Si fermò la bella stella
sopra rozza capannella
dove c'era il Gran Signore
Dio è nato, il Redentore.
Ivi giunti i santi re
genuflessi tutti e tre
al bambino Redentore
diedero mirra, incenso e oro.
Adorato il Dio Bambino
si rimisero in cammino
e devoti rimarranno
e dal tempio se ne vanno.
Or che detto abbiamo il vero
di un grandissimo mistero
noi di qui non ce ne andremo
se di doni non ne avremo.
Dateci a noi un gallinaccio
o salsiccia o sanguinaccio
o prosciutto o mortadella
o buon cacio o scamorzella.
E se ora non potete
domattina ce li darete
ed intanto vi auguriamo
Buona Pasqua e ce ne andiamo.
In realtà, anche se il testo aveva la pretesa di trattare
un tema religioso, com'era nella tradizione di tutti i
canti di gennaio, come quelli a seguire del Sant'Antonio
(la notte del 16 gennaio) e del San Sebastiano (in quella
del 19), vi era molto di profano e poco di sacro.
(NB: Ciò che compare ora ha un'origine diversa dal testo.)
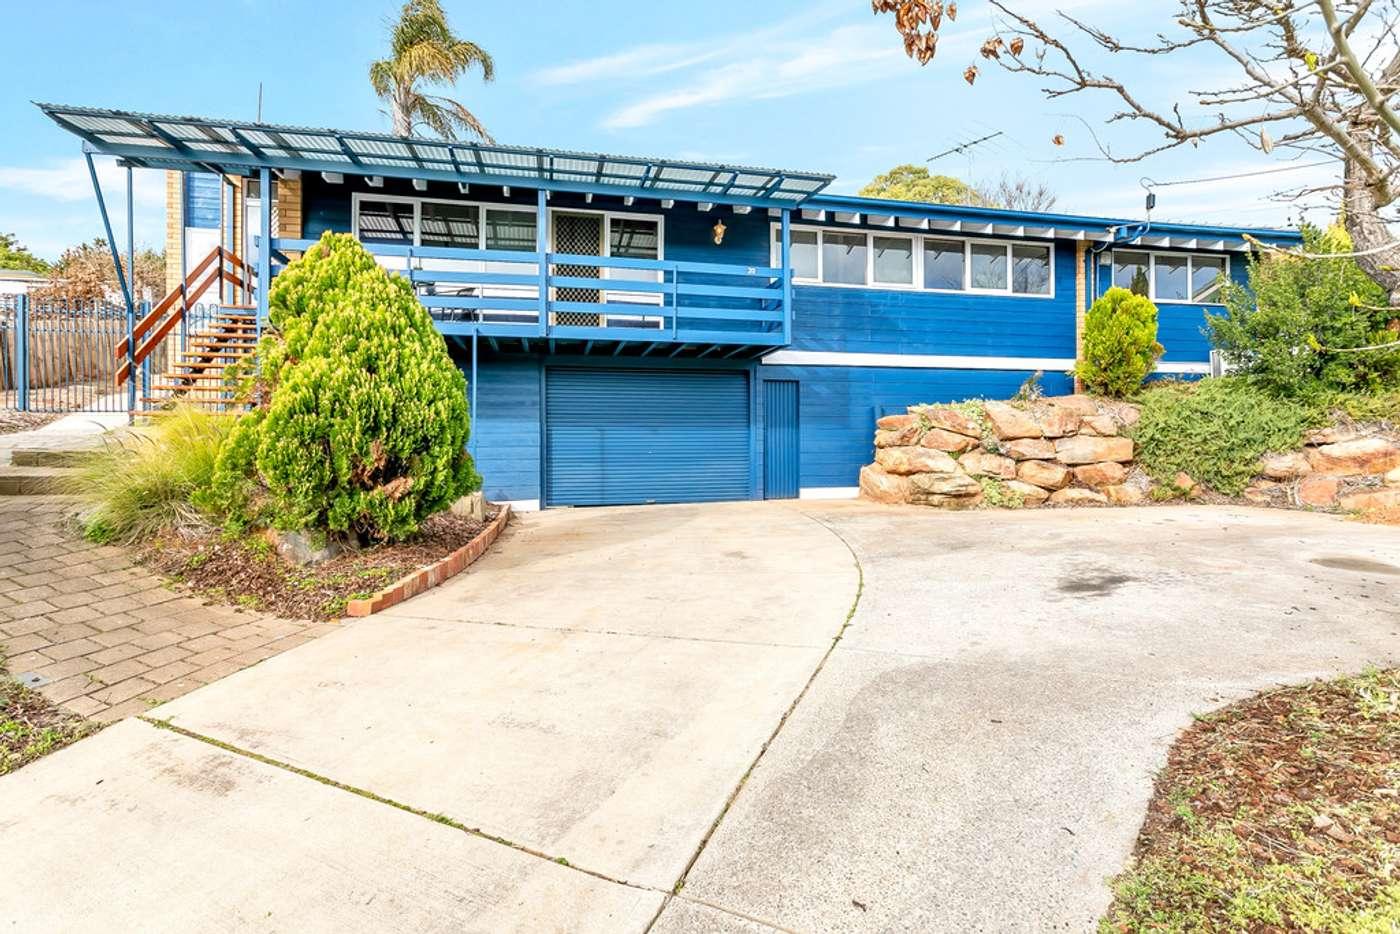 Main view of Homely house listing, 20 Wandilla Street, Seaview Downs SA 5049

L'occasione era ghiotta per trascorrere un'altra nottata
in allegra compagnia, sperando nella generosità delle
famiglie sansalvesi a cui ci si rivolgeva, senza mezzi
termini, nelle ultime 3 strofe del canto, per ottenere
prelibatezze culinarie di ogni tipo, preferibilmente
saggecce, lummille, fecatezze, sprisciate e mendrecene,
salami tipici della nostra zona.
Era un appuntamento irrinunciabile a cui si davano
convegno bambini ed adulti.
Partivano prima, all'imbrunire, i bambini, che non avevano
mete prefissate. Andavano un po' all'avventura, sperando
che qualcuno, dopo aver cantato, aprisse la porta e
donasse loro qualche cagginàtte (calcinetto), féchera
sàcche (fico secco) o al massimo qualche stózze
de saggéccie (un pezzo di salsiccia).
A tal proposito, ricordo che una sera, io ero bambino ed
abitavo in IV Vico Savoia, entrambi i miei genitori erano
indaffarati in cucina a preparare lu rusórie o resólie
(rosolio), liquore fatto in casa, di colore giallo, come
il famoso Strega di Benevento, di cui negli anni '50 un
po' tutte le famiglie ne facevano provvista, pe cácciárele
(per offrirlo) a li frastìre (agli ospiti), che
sarebbero venuti a far visita durante l'anno.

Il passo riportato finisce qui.